Broad-spectrum antiviral agents targeting viral RNA-dependent RNA polymerase (RdRp) are expected to be a key therapeutic strategy in the ongoing coronavirus disease 2019 (COVID-19) pandemic and its future variants of severe acute respiratory syndrome coronavirus 2 (SARS-CoV-2), the virus that causes COVID-19. Molnupiravir is a nucleoside analog that in vivo experiments have been reported to inhibit the replication of SARS-CoV-2, the virus that causes COVID-19. Clinical trials of molnupiravir as a therapy for patients with mild-to-moderate COVID-19 also suggest its significant therapeutic efficacy in comparison to placebo. Molnupiravir is lethally mutagenic against viral RNA, but its effect on host cell DNA is being questioned. Herein, the safety concerns of molnupiravir are discussed with recent findings from published reports and clinical trials. The unchanged efficacy of molnupiravir against mutated SARS-CoV-2 variants is also highlighted. With its administration via the oral route, molnupiravir is expected to turn the tide of the COVID-19 pandemic.

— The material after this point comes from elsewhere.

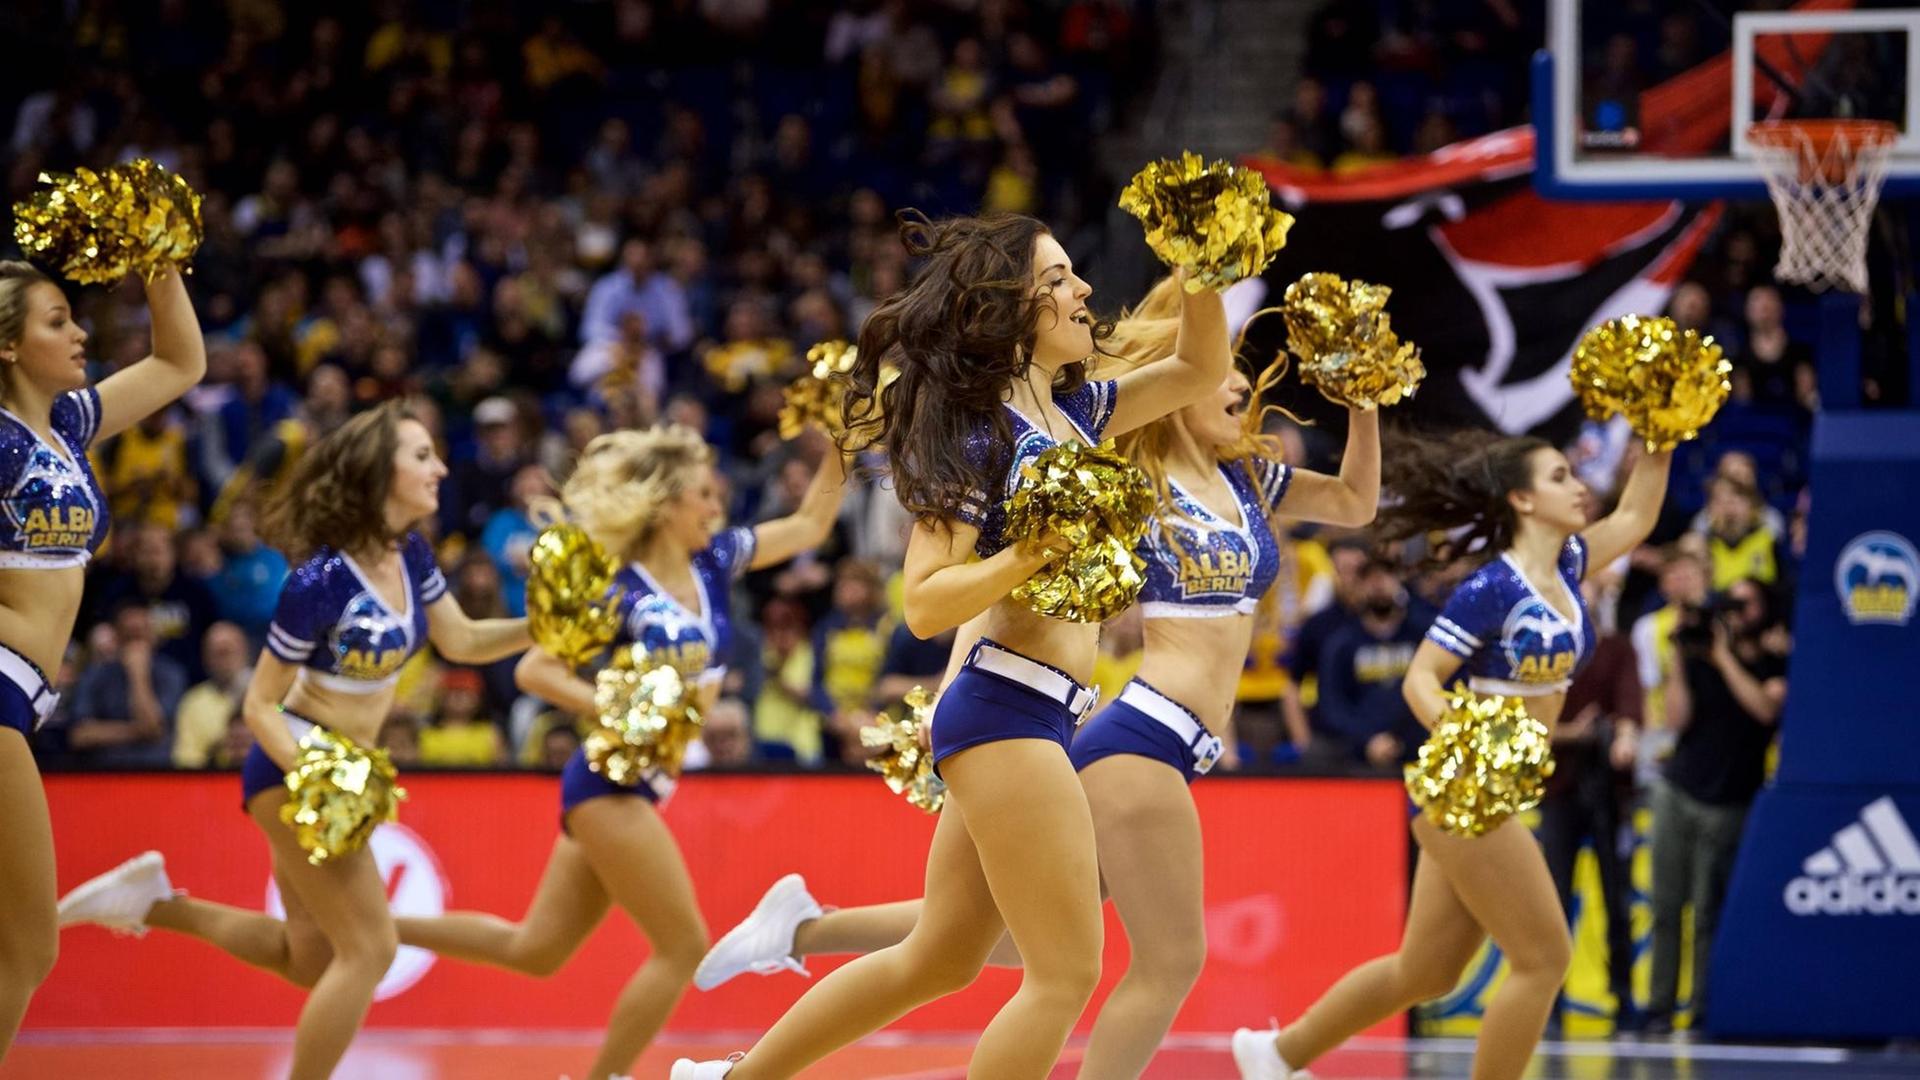 Das Bild zeigt die Cheerleader von dem Basketball-Verein Alba beim Tanzen

This review considers antiviral nucleoside analog drugs, including ribavirin, favipiravir, and molnupiravir, which induce genome error catastrophe in SARS-CoV or SARS-CoV-2 via lethal mutagenesis as a mode of action. In vitro data indicate that molnupiravir may be 100 times more potent as an antiviral agent than ribavirin or favipiravir. Molnupiravir has recently demonstrated efficacy in a phase 3 clinical trial. Because of its anticipated global use, its relative potency, and the reported in vitro \"host\" cell mutagenicity of its active principle, β-d-N4-hydroxycytidine, we have reviewed the development of molnupiravir and its genotoxicity safety evaluation, as well as the genotoxicity profiles of three congeners, that is, ribavirin, favipiravir, and 5-(2-chloroethyl)-2\'-deoxyuridine. We consider the potential genetic risks of molnupiravir on the basis of all available information and focus on the need for additional human genotoxicity data and follow-up in patients treated with molnupiravir and similar drugs. Such human data are especially relevant for antiviral NAs that have the potential of permanently modifying the genomes of treated patients and/or causing human teratogenicity or embryotoxicity. We conclude that the results of preclinical genotoxicity studies and phase 1 human clinical safety, tolerability, and pharmacokinetics are critical components of drug safety assessments and sentinels of unanticipated adverse health effects. We provide our rationale for performing more thorough genotoxicity testing prior to and within phase 1 clinical trials, including human PIG-A and error corrected next generation sequencing (duplex sequencing) studies in DNA and mitochondrial DNA of patients treated with antiviral NAs that induce genome error catastrophe via lethal mutagenesis.